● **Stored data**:
+ + + +

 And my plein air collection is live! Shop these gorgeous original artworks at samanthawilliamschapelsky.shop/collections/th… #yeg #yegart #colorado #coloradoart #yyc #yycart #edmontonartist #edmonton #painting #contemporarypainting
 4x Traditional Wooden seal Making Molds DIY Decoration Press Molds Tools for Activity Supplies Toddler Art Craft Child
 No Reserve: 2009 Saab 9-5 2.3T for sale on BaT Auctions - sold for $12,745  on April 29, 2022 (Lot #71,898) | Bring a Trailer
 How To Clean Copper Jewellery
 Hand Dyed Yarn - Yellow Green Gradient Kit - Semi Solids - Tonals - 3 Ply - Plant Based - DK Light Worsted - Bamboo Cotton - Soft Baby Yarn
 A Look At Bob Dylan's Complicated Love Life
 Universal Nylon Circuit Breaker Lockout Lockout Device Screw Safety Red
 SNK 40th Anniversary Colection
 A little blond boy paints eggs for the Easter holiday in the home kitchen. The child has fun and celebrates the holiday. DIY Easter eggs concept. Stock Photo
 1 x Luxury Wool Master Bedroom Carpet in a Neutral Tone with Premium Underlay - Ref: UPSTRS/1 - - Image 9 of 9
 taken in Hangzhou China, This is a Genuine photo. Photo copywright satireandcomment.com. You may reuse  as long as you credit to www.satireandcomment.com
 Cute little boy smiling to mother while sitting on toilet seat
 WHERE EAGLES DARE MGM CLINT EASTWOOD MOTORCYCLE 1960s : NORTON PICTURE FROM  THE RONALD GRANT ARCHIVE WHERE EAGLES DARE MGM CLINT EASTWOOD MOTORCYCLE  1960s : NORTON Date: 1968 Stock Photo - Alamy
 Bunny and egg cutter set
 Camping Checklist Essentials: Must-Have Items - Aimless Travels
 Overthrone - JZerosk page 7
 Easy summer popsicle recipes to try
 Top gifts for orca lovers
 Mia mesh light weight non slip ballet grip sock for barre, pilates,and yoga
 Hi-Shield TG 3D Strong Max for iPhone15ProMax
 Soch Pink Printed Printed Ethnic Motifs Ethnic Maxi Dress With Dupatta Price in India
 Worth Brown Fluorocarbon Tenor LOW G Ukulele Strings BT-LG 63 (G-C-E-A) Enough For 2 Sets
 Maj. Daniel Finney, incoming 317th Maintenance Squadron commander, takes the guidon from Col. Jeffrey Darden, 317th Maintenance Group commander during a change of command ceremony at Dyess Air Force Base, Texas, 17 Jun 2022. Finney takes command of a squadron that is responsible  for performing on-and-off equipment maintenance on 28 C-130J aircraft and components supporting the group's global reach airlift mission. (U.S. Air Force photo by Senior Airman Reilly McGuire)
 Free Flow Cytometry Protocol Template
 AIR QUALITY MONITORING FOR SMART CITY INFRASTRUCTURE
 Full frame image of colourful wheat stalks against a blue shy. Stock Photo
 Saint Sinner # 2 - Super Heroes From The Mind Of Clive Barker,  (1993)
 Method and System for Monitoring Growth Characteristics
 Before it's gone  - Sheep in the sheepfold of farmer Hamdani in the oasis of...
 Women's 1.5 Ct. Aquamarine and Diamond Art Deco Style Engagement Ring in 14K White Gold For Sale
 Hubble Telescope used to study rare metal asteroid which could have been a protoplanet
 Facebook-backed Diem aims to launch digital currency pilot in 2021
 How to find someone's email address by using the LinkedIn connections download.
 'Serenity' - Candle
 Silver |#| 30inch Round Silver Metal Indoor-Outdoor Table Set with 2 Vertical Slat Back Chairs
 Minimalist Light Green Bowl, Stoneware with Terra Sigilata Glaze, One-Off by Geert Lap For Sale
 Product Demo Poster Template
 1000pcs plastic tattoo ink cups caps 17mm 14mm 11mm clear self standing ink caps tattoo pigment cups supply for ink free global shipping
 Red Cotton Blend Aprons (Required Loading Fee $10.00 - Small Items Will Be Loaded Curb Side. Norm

+ + + +

● **DESCRIPTION OF THE TASK**:
Print, exactly as written, the first line of the records above and each line after it until the line with "Cute little boy", which is printed too.

● **YOUR SOLUTION**:
 And my plein air collection is live! Shop these gorgeous original artworks at samanthawilliamschapelsky.shop/collections/th… #yeg #yegart #colorado #coloradoart #yyc #yycart #edmontonartist #edmonton #painting #contemporarypainting
 4x Traditional Wooden seal Making Molds DIY Decoration Press Molds Tools for Activity Supplies Toddler Art Craft Child
 No Reserve: 2009 Saab 9-5 2.3T for sale on BaT Auctions - sold for $12,745  on April 29, 2022 (Lot #71,898) | Bring a Trailer
 How To Clean Copper Jewellery
 Hand Dyed Yarn - Yellow Green Gradient Kit - Semi Solids - Tonals - 3 Ply - Plant Based - DK Light Worsted - Bamboo Cotton - Soft Baby Yarn
 A Look At Bob Dylan's Complicated Love Life
 Universal Nylon Circuit Breaker Lockout Lockout Device Screw Safety Red
 SNK 40th Anniversary Colection
 A little blond boy paints eggs for the Easter holiday in the home kitchen. The child has fun and celebrates the holiday. DIY Easter eggs concept. Stock Photo
 1 x Luxury Wool Master Bedroom Carpet in a Neutral Tone with Premium Underlay - Ref: UPSTRS/1 - - Image 9 of 9
 taken in Hangzhou China, This is a Genuine photo. Photo copywright satireandcomment.com. You may reuse  as long as you credit to www.satireandcomment.com
 Cute little boy smiling to mother while sitting on toilet seat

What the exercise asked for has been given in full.